Y aquí un problema del asunto, los líderes. Al que ha querido conocer un poco, hay un largo trabajo periodístico acerca de tales personajes. Un trabajo de infames retratos que concluye lo que algunos ya sabían: son, precisamente, los más ejemplares traidores a la patria catalana quienes conducían (y conducen todavía) nuestros destinos. El mismo Mas, oscuridad pretérita, fue condenado en juicio, aunque conserve escolta cuando pasea ufano por la calle Tuset. Qué decir de los Pujol y su fortuna desperdigada por cuentas bancarias paradisíacas. O de toda la lista de creadores de opinión al servicio de los amos. También los retoños burgueses jugando a la revolución pero disfrutando de las propiedades de papá en Cerdaña o Menorca (cuperos ya apadrinados por Mas en 2015). Los que frecuentan Barcelona y salones saben de tantas historias protegidas por aquel oasis que se materializó charca inmunda tras la entrada de la policía en el Palau de la Música (2009).

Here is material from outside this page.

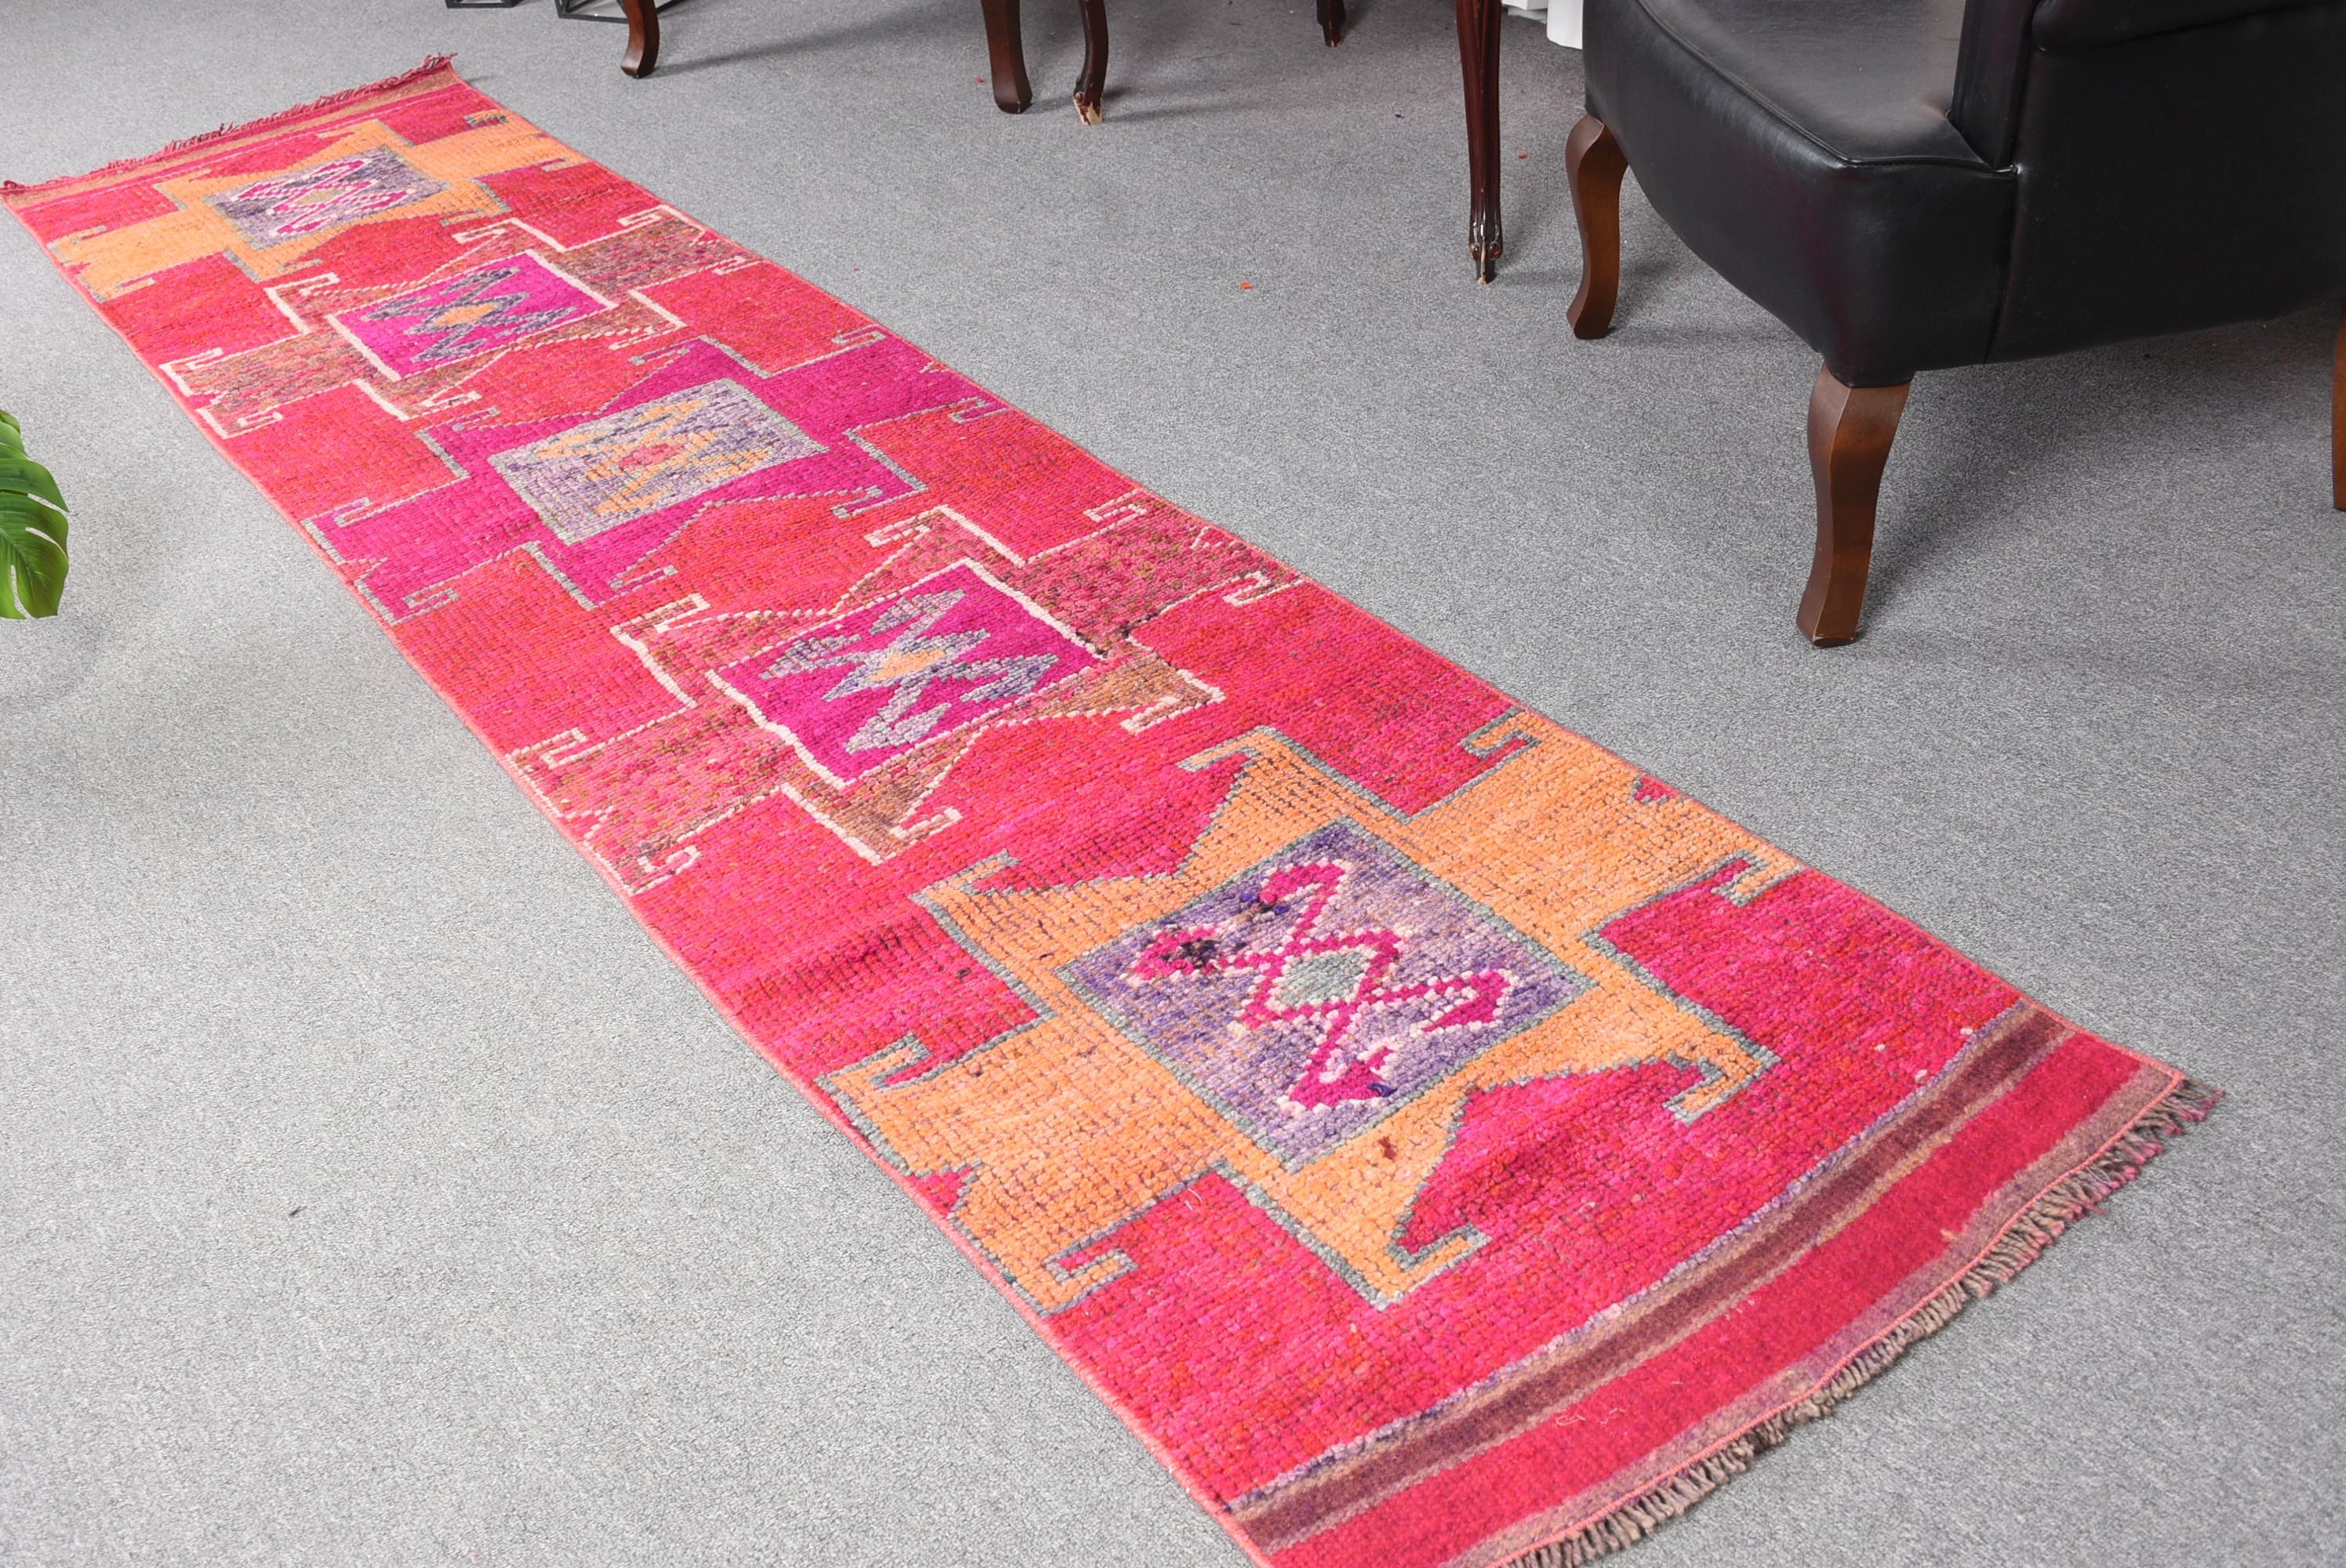 Turkish Rug, Oriental Rugs, Red Moroccan Rug, Cute Rug, Vintage Rug, Corridor Rugs, Rugs for Hallway, 2.3x10.3 ft Runner Rugs

Fue el inicio real del procés, la necesidad de protegerse la elite podrida (con la connivencia de Madrid). El argumento, aún esgrimido por el PSC, de la sentencia del Constitucional sobre el Estatut de Maragall (que nadie pedía) fue la trampa dialéctica de una izquierda servil al nacionalismo. Siempre el partido de las dos almas (cínicamente obrero, cómodamente capitalista) bailando con el más rico de la fiesta.
Pobres catalanes romantizados, reinaxença de abuelos en chándal convertidos a la coreografía juche. En verdad, el trabajo arduo de estos españoles nacionalizados en el paraíso consistiría en asimilar no ya que fueron engañados, sino que lo fueron a manos de unos aprovechados. No será tarea agradable, en cualquier caso necesaria. Por Cataluña, para empezar por la geografía breve, condenada a todas las pobrezas del aldeanismo pancartero.